**EXERCISE GOAL**
Exactly as written, retype the listing below, omitting the pictures.

**DATA SECTION**
%%
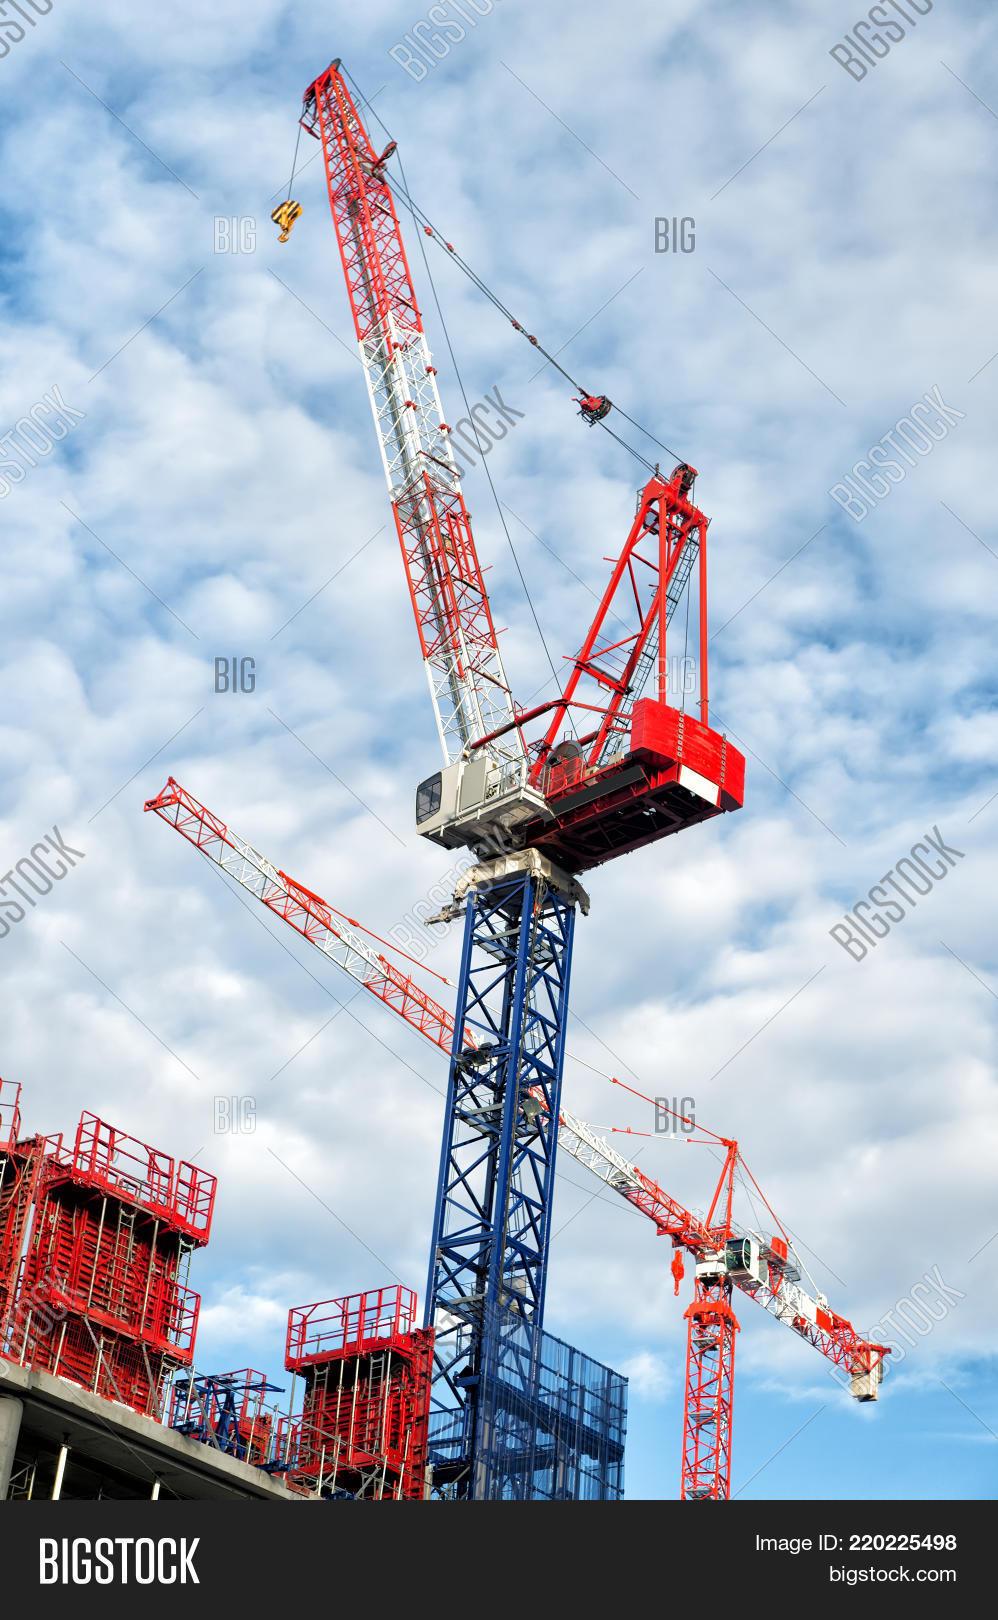 Construction Cranes On Image & Photo (Free Trial) | Bigstock
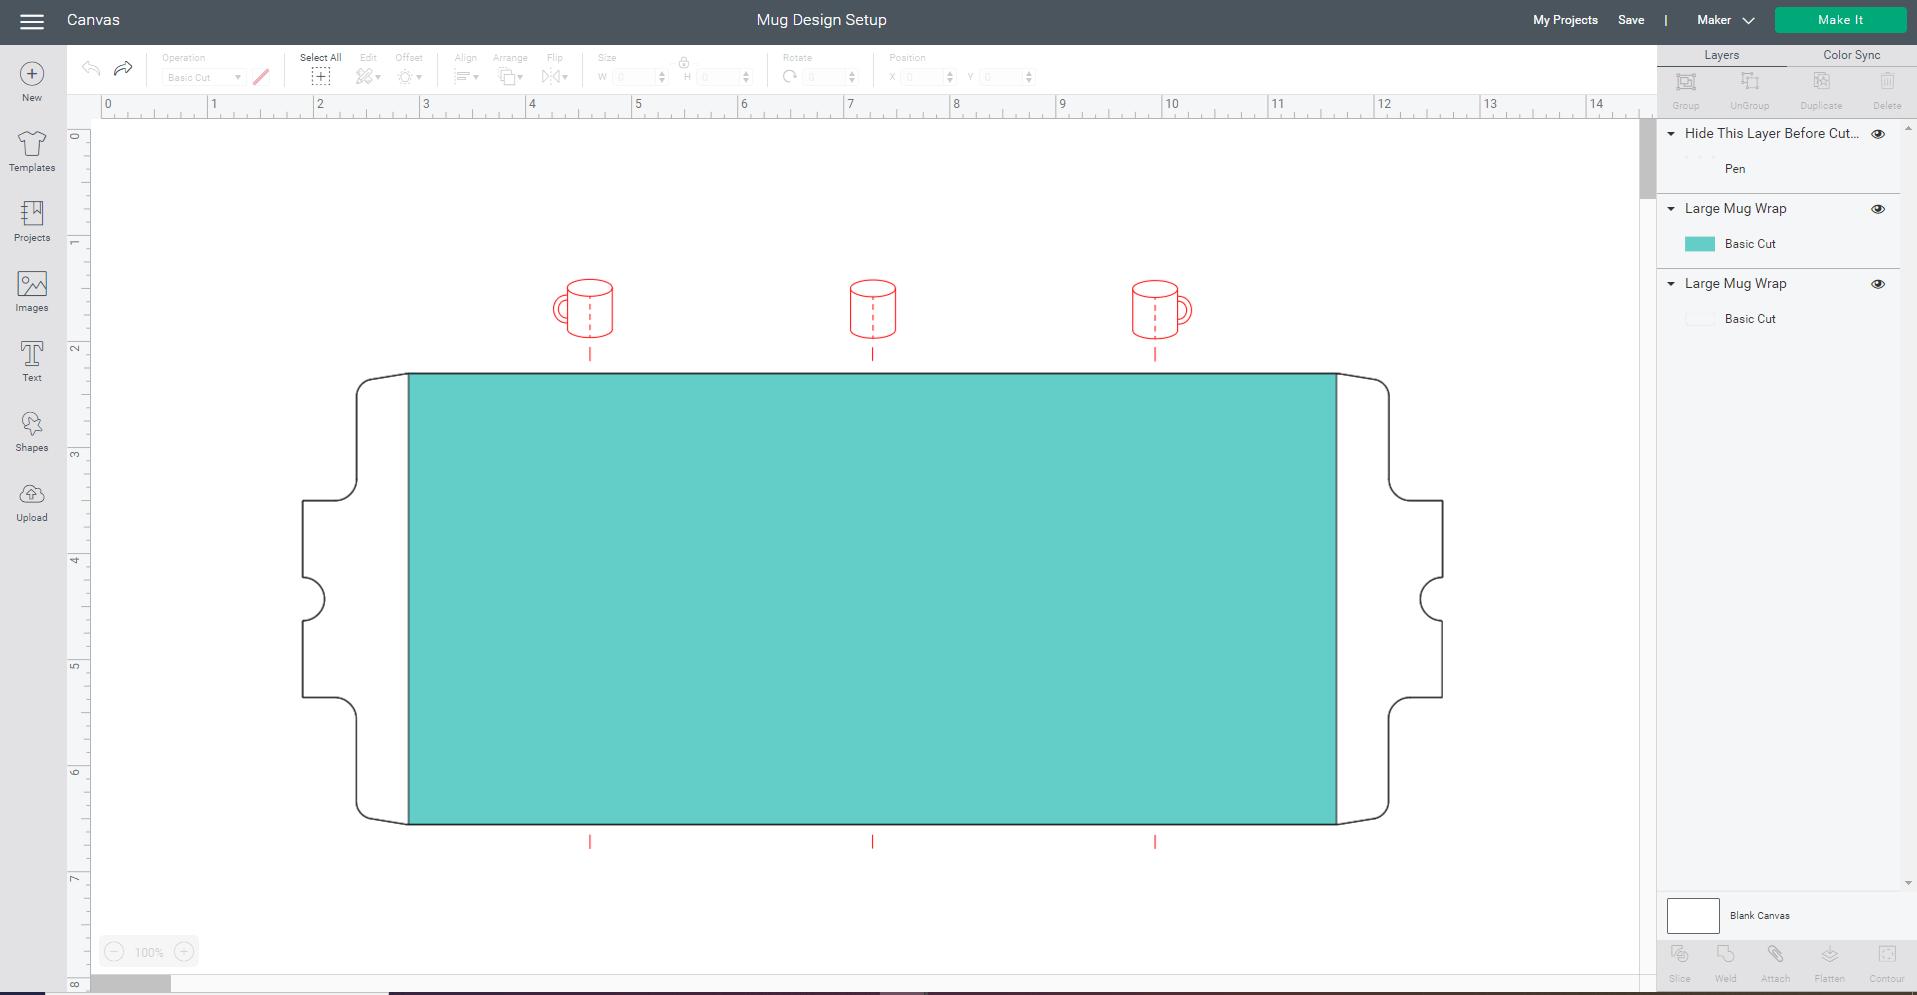 Cricut Design Space screenshot - Mug Design Setup canvas
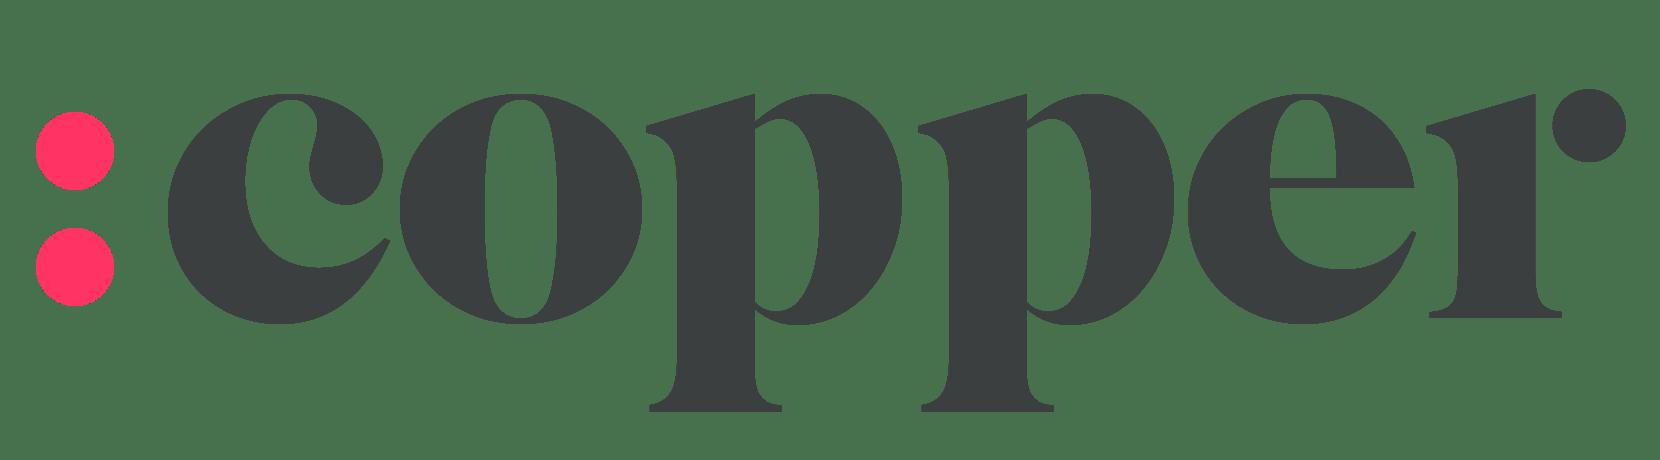 Copper integration logo
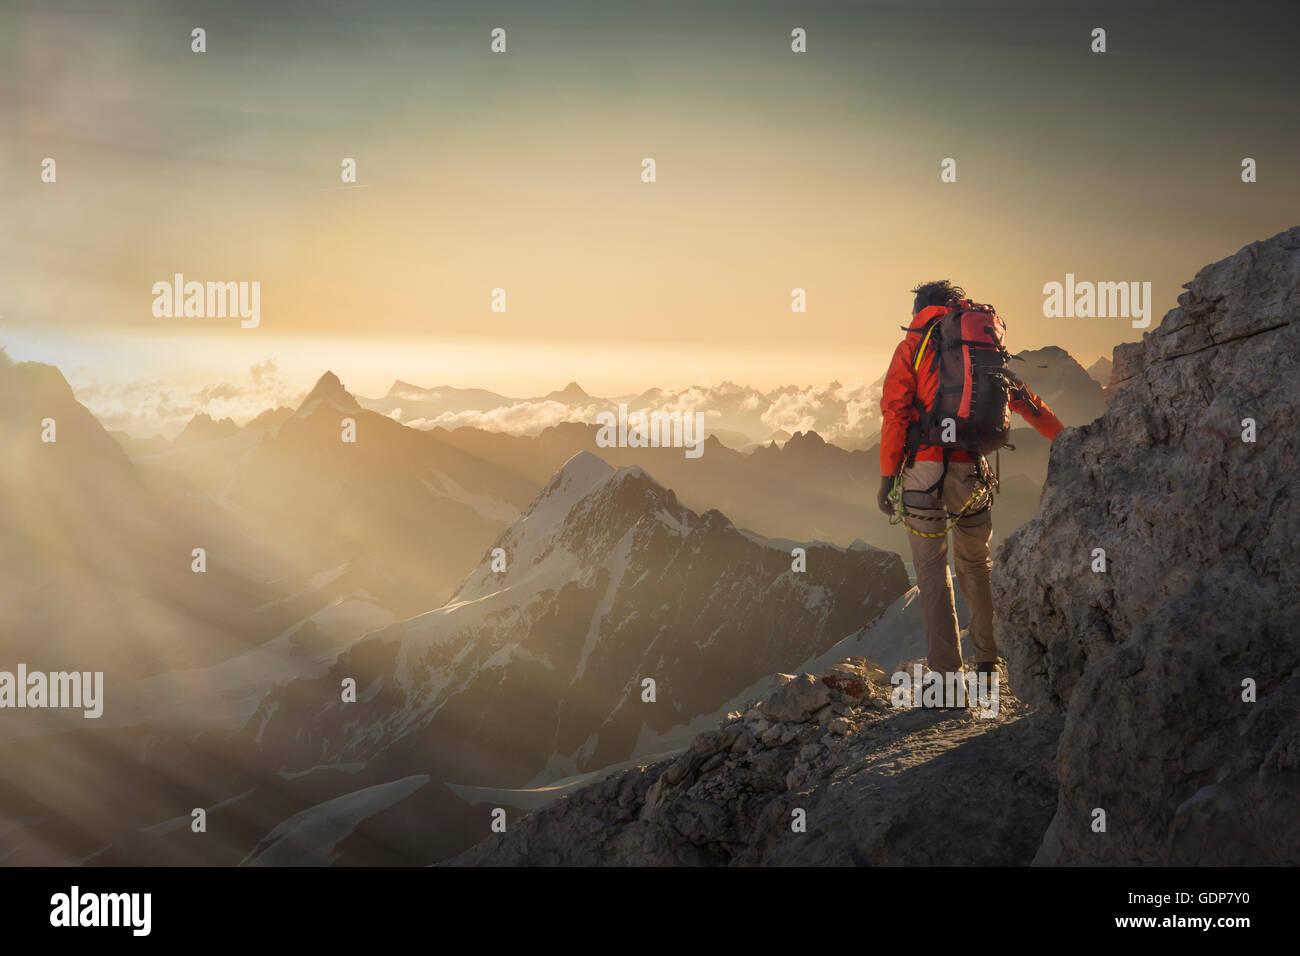 Climber watching a mountain range at sunset, Alps, Canton Wallis, Switzerland - Stock Image
%%
**ANSWER SPACE**
 Construction Cranes On Image & Photo (Free Trial) | Bigstock
 Cricut Design Space screenshot - Mug Design Setup canvas
 Copper integration logo
 Climber watching a mountain range at sunset, Alps, Canton Wallis, Switzerland - Stock Image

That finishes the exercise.